About the dynamic resizing, I say avoid that. Storage is cheaper than CPU time, just create variety of thumbnails and watermarked versions upon upload time and store them once in somewhere then use when required. Do not perform same operations again and again. You may do that at first request to the resized version, this way it will be easier to add new versions or purging the cache periodically to remove unused files. You will also be able to backup just the original versions.

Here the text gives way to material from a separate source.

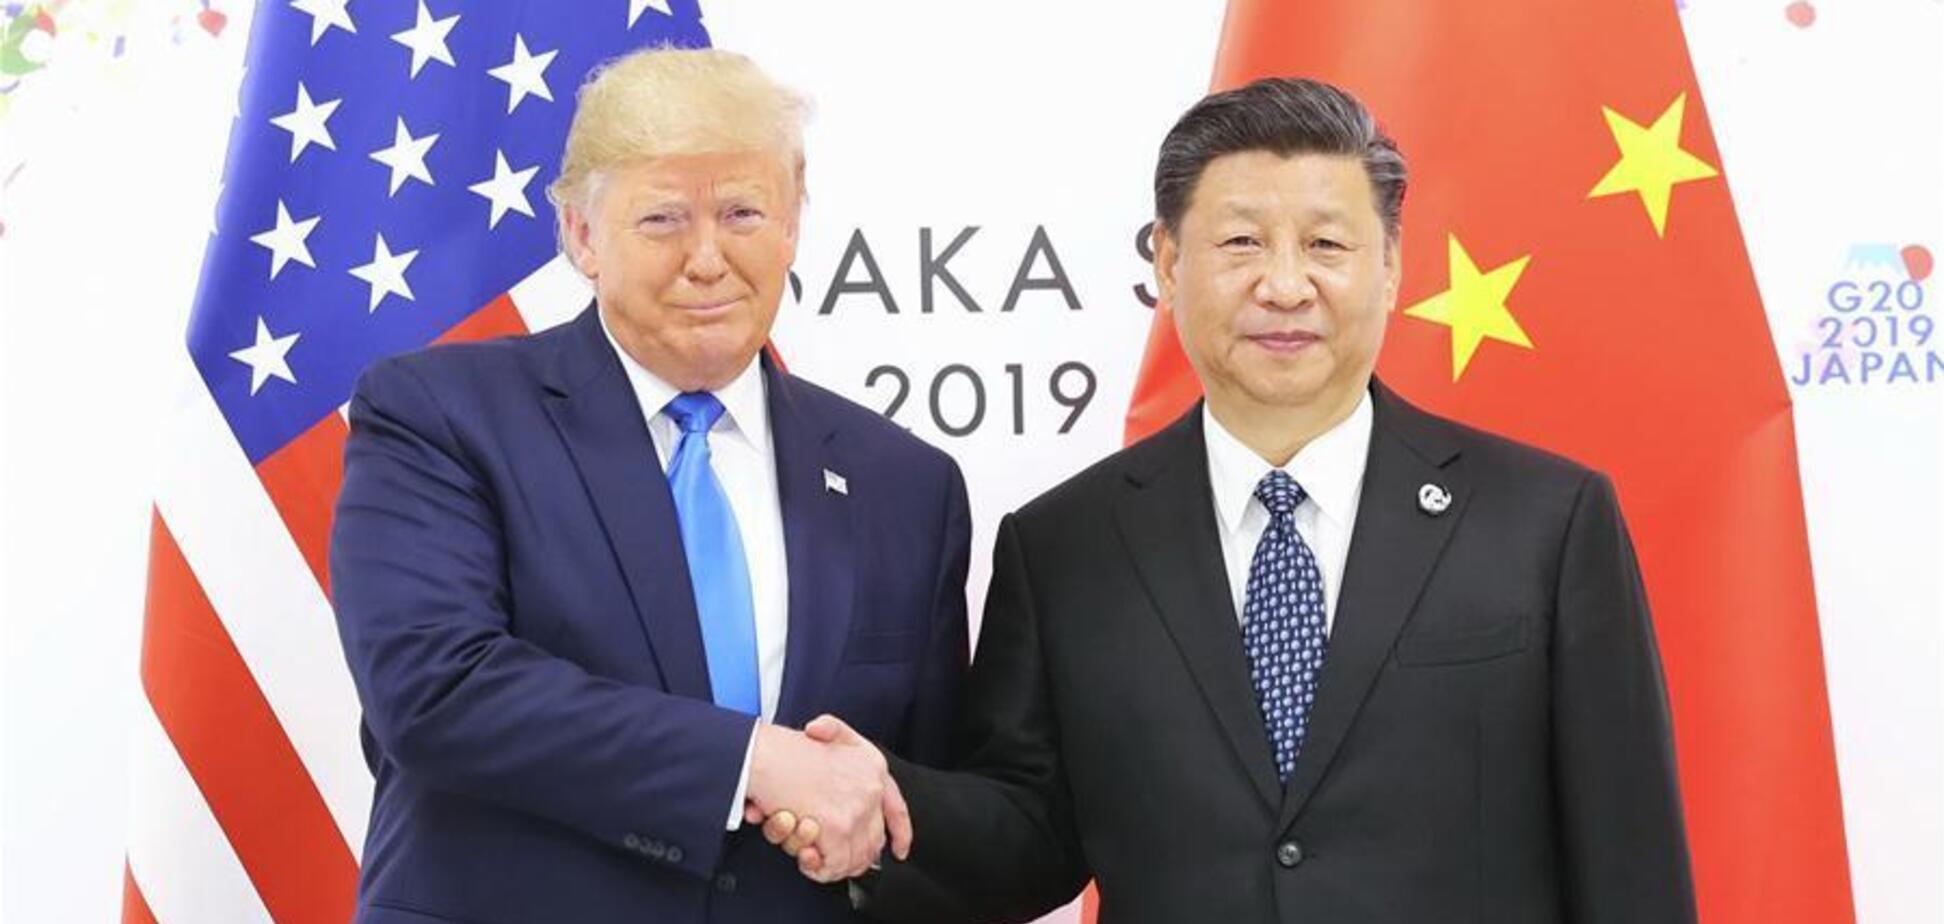 'Це увійде в історію': Трамп раптово помирився з другом Путіна на саміті G20

Putting the images in the database has a couple of advantages. ACID tanscations and backup consistency come to mind. If you absolutely need that then put the images in the database. As you pointed out, this comes with a price: you'll need a huge database infrastructure like machines, licenses, operation team. Each image retrieval is a huge DB I/O effort.
A lot of things will be much easier with only storing metadata in the DB and putting the image blobs on a filesystem.
Two approaches to come to a decison:
What is the killer feature you absolutely (absolutely like in "if I don't have that, the whole thing will not work at all") need from the image-in-database approach? If there is one, go for it
Do a back-of-the-napkin business case, calculating the total cost of the image-in-database approach (project efforts, infrastructure, machine, license, operation) and compare that with an image-in-filesystem approach. That should give some hints on how to proceed.